# New adventure/gravel bike frameset



## sync1 (Dec 24, 2012)

I’m thinking to assemble* an “adventure bike” to ride on the weekdays (on summer and winter) as gravel bike (10%), city bike (65%), do some road trains (25%) and use on turbo trainer if possible. I might use it to ride centuries and touring as well.
I already have other bikes (road/mtb) to use on the weekends.
*
What I’m looking on a frameset:
·*Price (about 600€)
·*Durability
·*Comfort
·*Geometry
·*Lightweight
·*Market value
·*Possibility to use on a turbo trainer
*
After been looking several frameset on the market, I’m undecided between these two:
*
Canyon Inflite (aluminum) frameset + VCLS 2.0 Seatpost
Pros:
·*Geometry (shorter chainstays, sharper headtube angle, shorter wheelbase)
·*Seatpost (27.2mm VCLS 2.0)
Cons:
·*Market value?
*
Jamis Renegade Expert (carbon) frameset
Pros:
·*Q15 front axle
·*Stiffer (massive BB)
Cons:
·*Geometry (longer wheelbase will make it less agile on city traffic)
·*Seatpost (it’s 31.8mm, a 27.2mm would be more flexible)
*
Which one would you choose based on my needs (justified)?


----------



## GOTA (Aug 27, 2012)

We don't have Canyon in the US so can't really comment on that bike.

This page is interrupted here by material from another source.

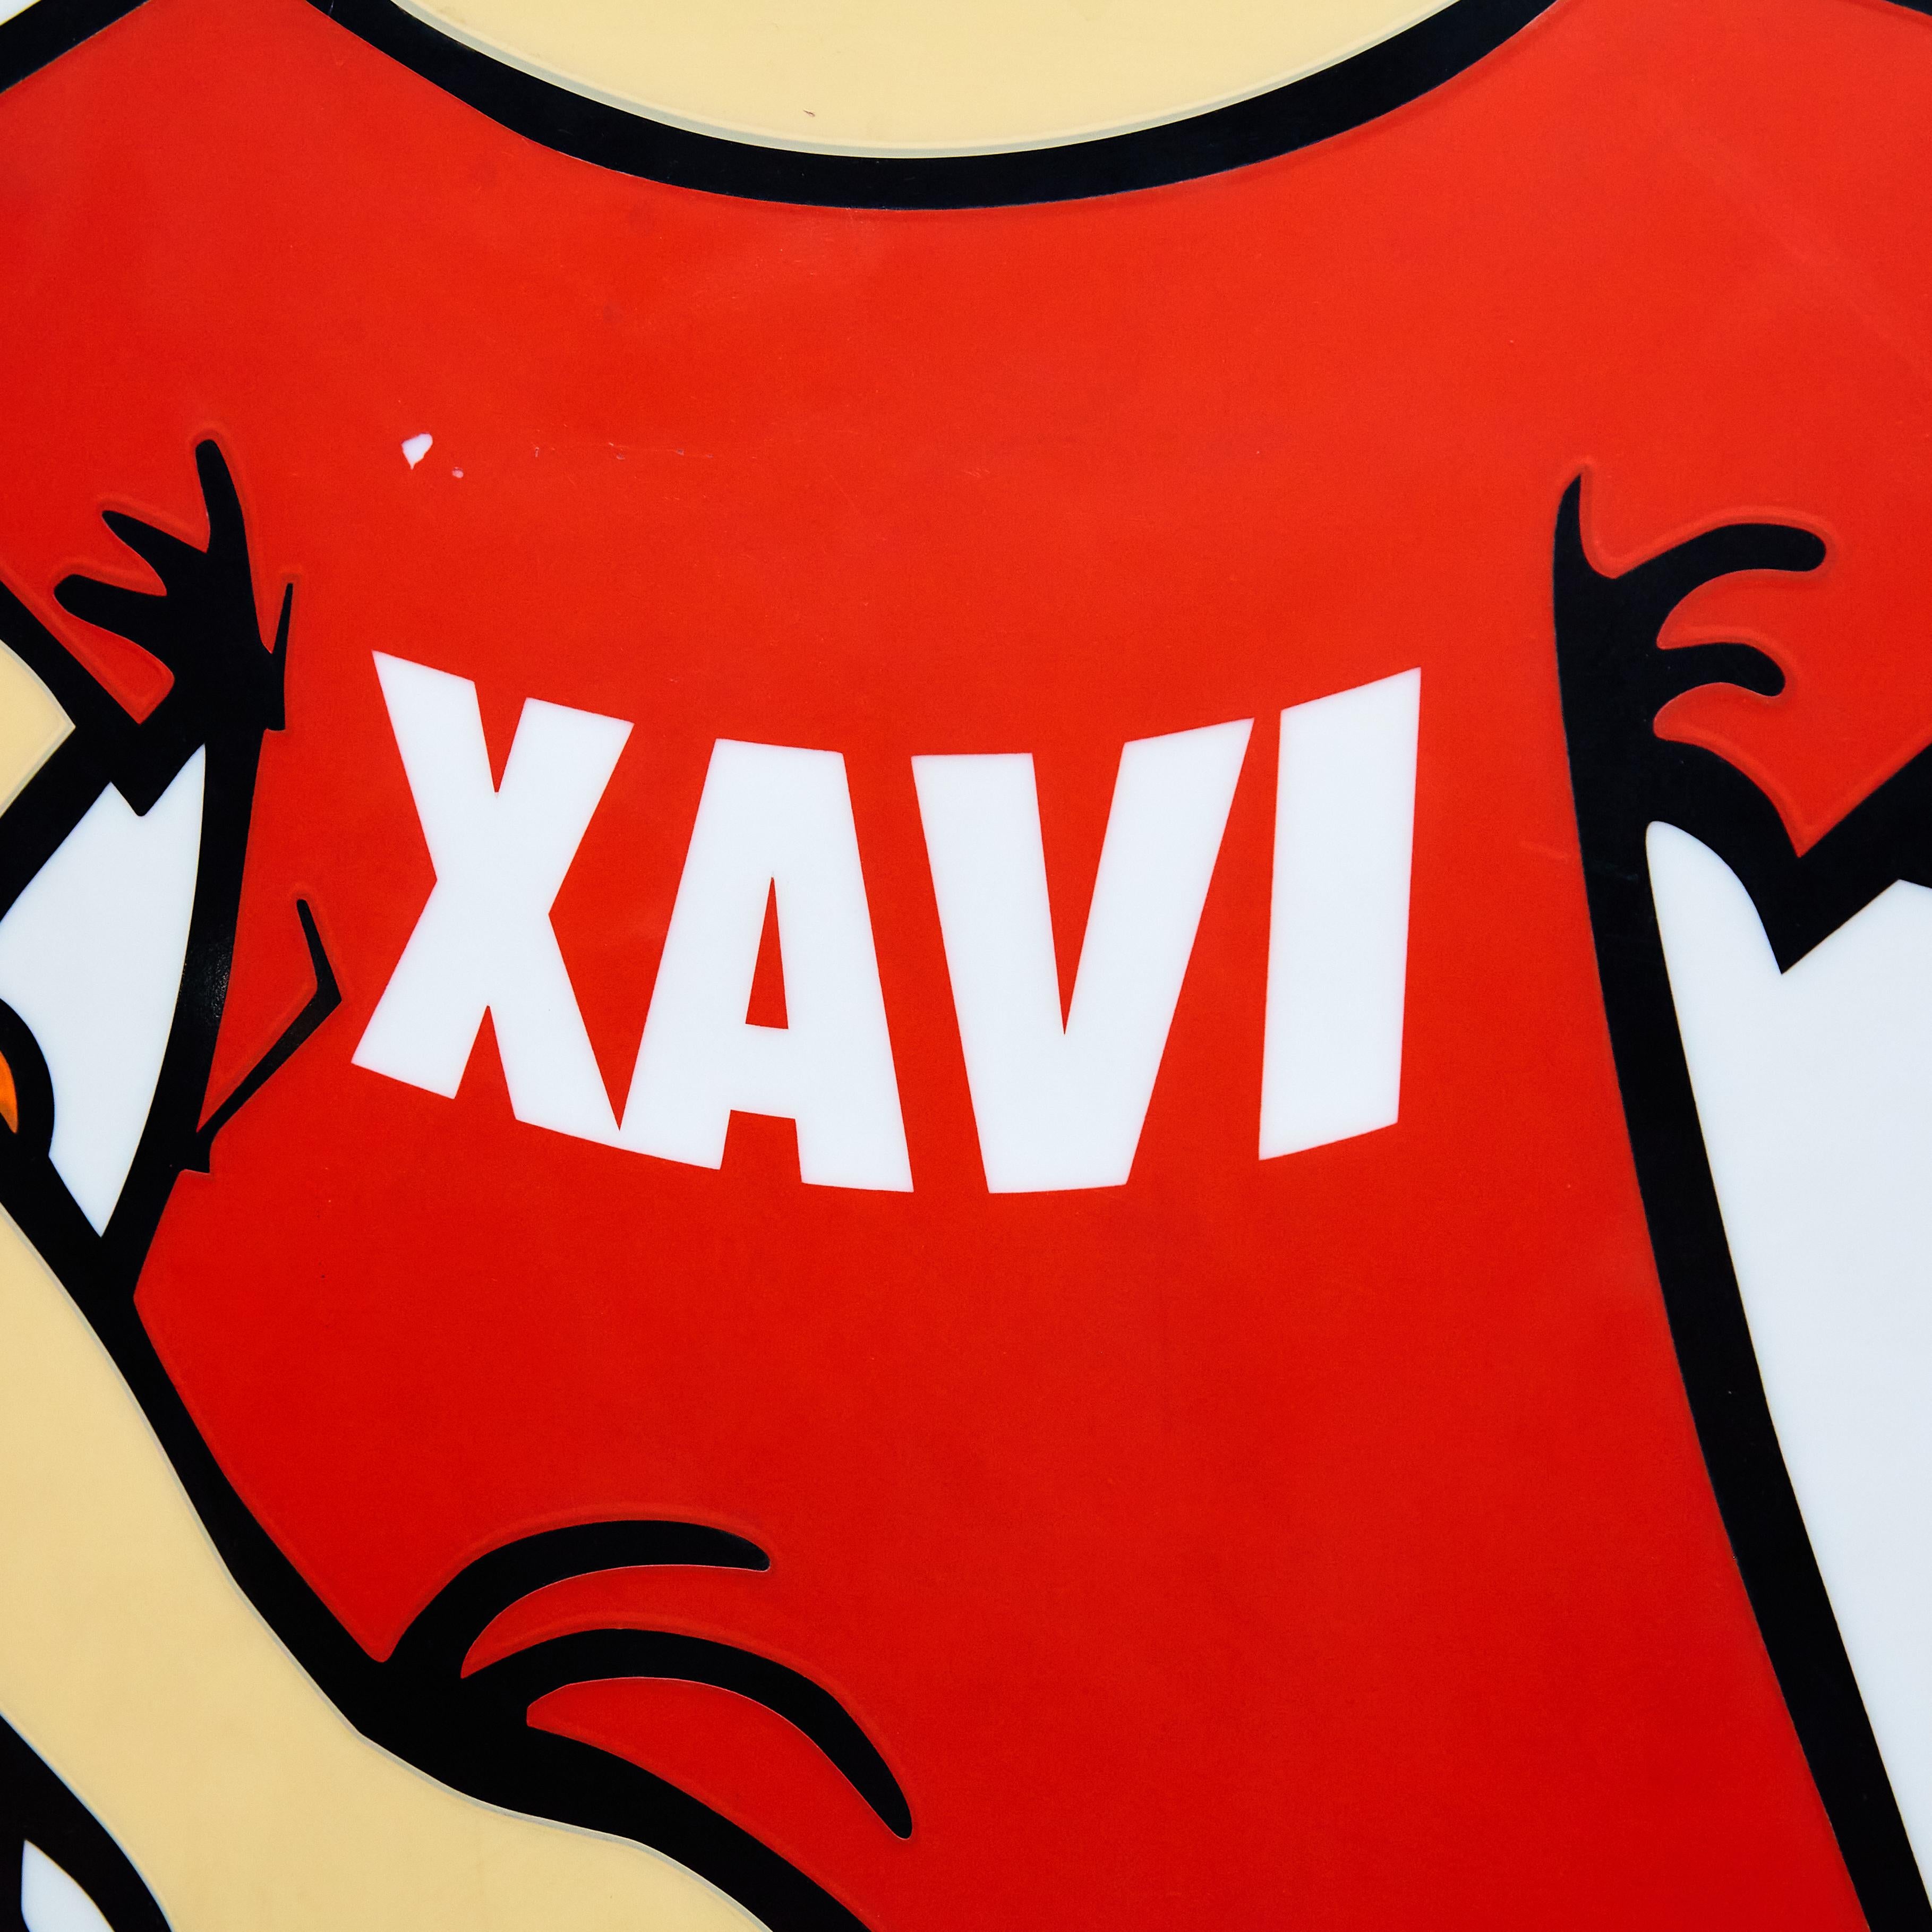 Supermarket Light Sign 'Xavi S'agaro', circa 1970 1

The Jamis Renegade I am familiar with and it's very nice. It's comfortable without feeling slow. It would be great on gravel and the road. I don't think it would be a great city bike but few drop bar road bikes are. The handling though from the test ride I had was good. It reminded me of the Trek Domane. Would you be building it with hydraulic brakes? That's one of the big selling points of the complete bikes.


----------



## sync1 (Dec 24, 2012)

When I said city bike I mean commuting to work.
Right now I'm using a Sintesi Z1 road bike with 25mm tires. I would like to replace it with a more comfortable road bike with disc brakes and 30mm tires.
I'm want the most "bang for the buck", I will get the TRP Spyre or HyRd brakes.
The doubt between the framesets (+seatpost) is the durability and comfort.


----------



## GOTA (Aug 27, 2012)

The Jamis Renegade frame is very well built from what I've seen. It's solid without being bulky. Tire clearance is huge. Normally I don't like large seatposts either but I didn't even notice that the Jamis was using a 31.8 instead of a 27.2. There wasn't that rigid inflexible feeling that you usually get from a larger diameter seat post.

I've had a Jamis Dragon mountain bike for years and the only frame issue I ever had was with the head badge coming off. They make quality bikes.


----------